Semarang (PANTURATV.ID) Teori psikologi dari Robert Sternberg menjelaskan bahwa hubungan sehat selalu melibatkan bentuk kedekatan emosional sejati. Rasa kasih sayang murni pasti akan memberikan ketenangan jiwa serta rasa aman bagi semua pasangan. Oleh karena itu, hubungan asmara yang positif selalu mampu mendukung pertumbuhan karakter positif masing-masing individu. Sepasang kekasih harus selalu saling menghormati batasan pribadi tanpa ada keinginan untuk mengekang pihak lain.
Kondisi psikologis akan berubah drastis ketika emosi berlebihan mulai menguasai seluruh jalan pikiran sehat Anda. Seseorang yang mengalami ketertarikan ekstrem cenderung selalu menuntut balasan perhatian secara terus menerus sepanjang hari. Alhasil, suasana hati mereka pasti menjadi sangat bergantung pada setiap respons instan dari sang kekasih. Jalan pikiran yang sangat kacau ini selalu mengarah pada tanda bahaya yang merusak kestabilan emosional.
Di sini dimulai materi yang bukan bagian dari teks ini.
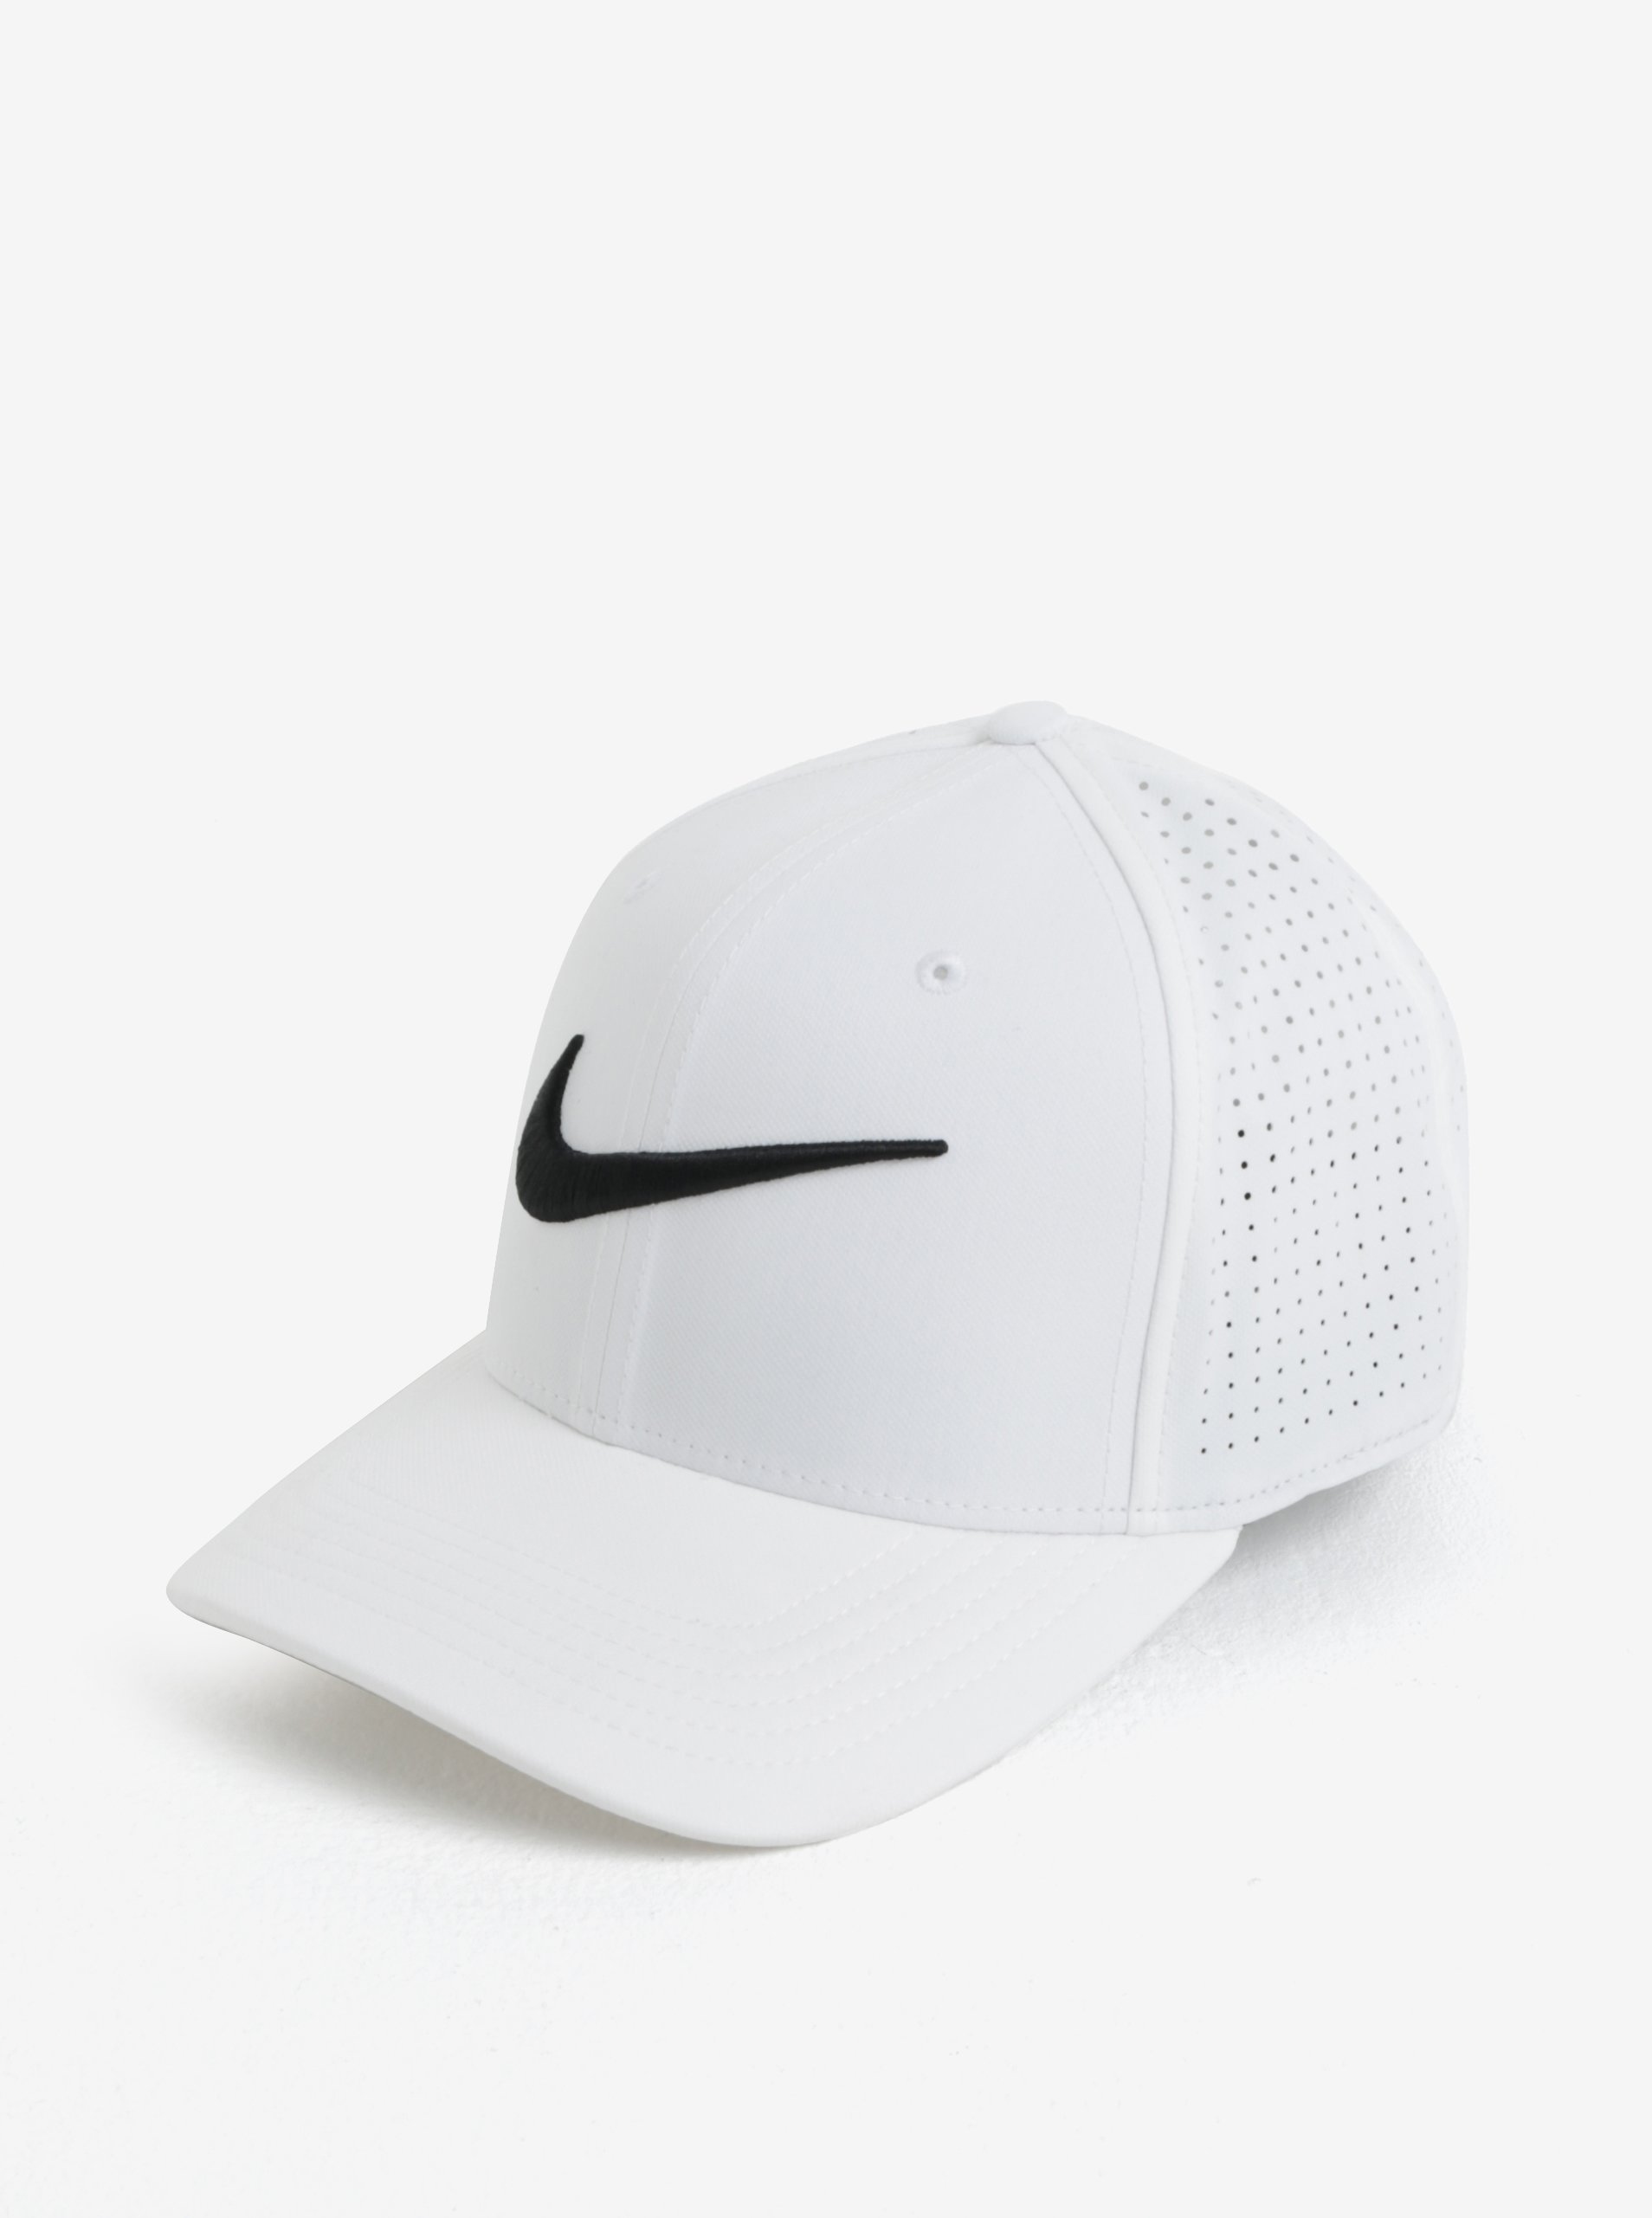 d7fc32cf1 Biela unisex funkčná šiltovka Nike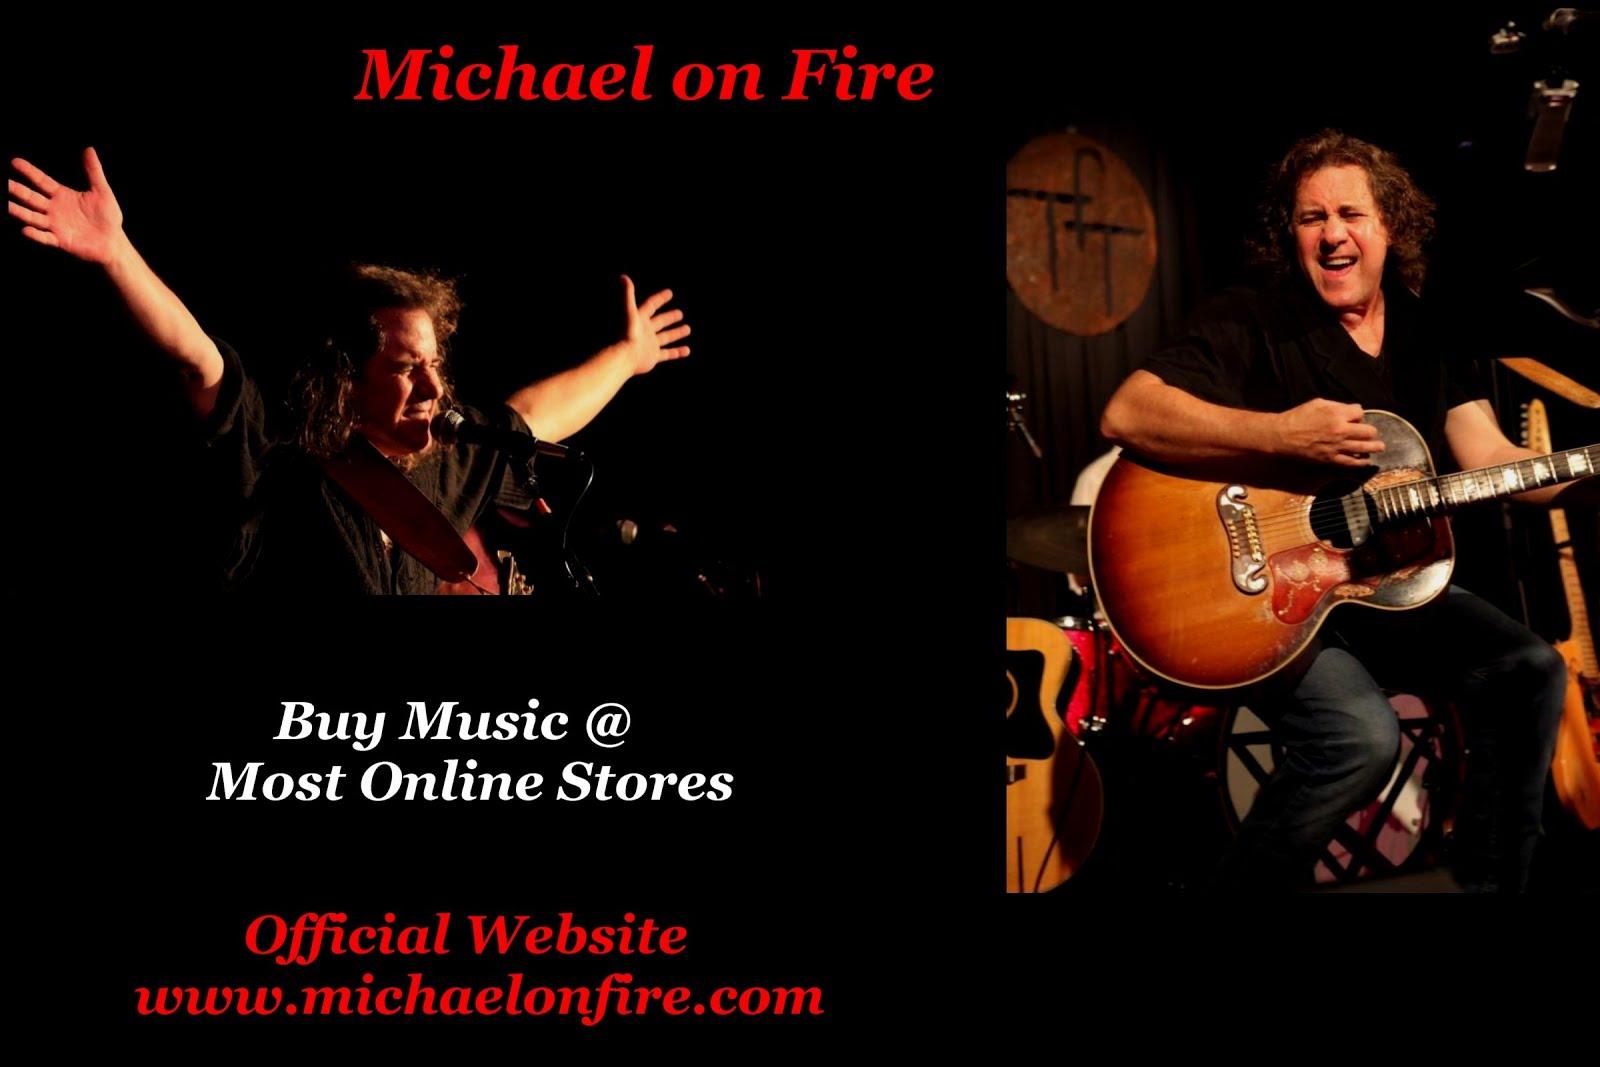 Michael on Fire

Para pakar psikolog mengaitkan ketergantungan ekstrem ini dengan gangguan obsesif kompulsif dalam jalinan hubungan romantis. Selain itu, para penderita sindrom ini selalu merasa cemas dan berulang kali mengecek kondisi diri. Hubungan tidak sehat membuat salah satu pihak perlahan kehilangan identitas inti dari diri mereka sendiri. Pemahaman yang sangat baik mengenai perbedaan cinta dan obsesi mampu mencegah kehancuran mental yang parah.

Cinta romantis jangka panjang yang sangat kuat idealnya hadir tanpa adanya unsur paksaan emosi jiwa. Pasangan yang bijak mengutamakan komunikasi jujur demi menjaga keharmonisan hidup bersama dalam waktu yang lama. Meskipun demikian, setiap individu harus selalu waspada akan tanda keterikatan emosional yang sangat berlebihan ini. Kebahagiaan sejati pasti bersumber dari rasa percaya penuh dan bukan dari dorongan mengontrol pasangan hidup. Mulailah menganalisis hubungan Anda agar dapat memisahkan perbedaan cinta dan obsesi demi masa depan cerah.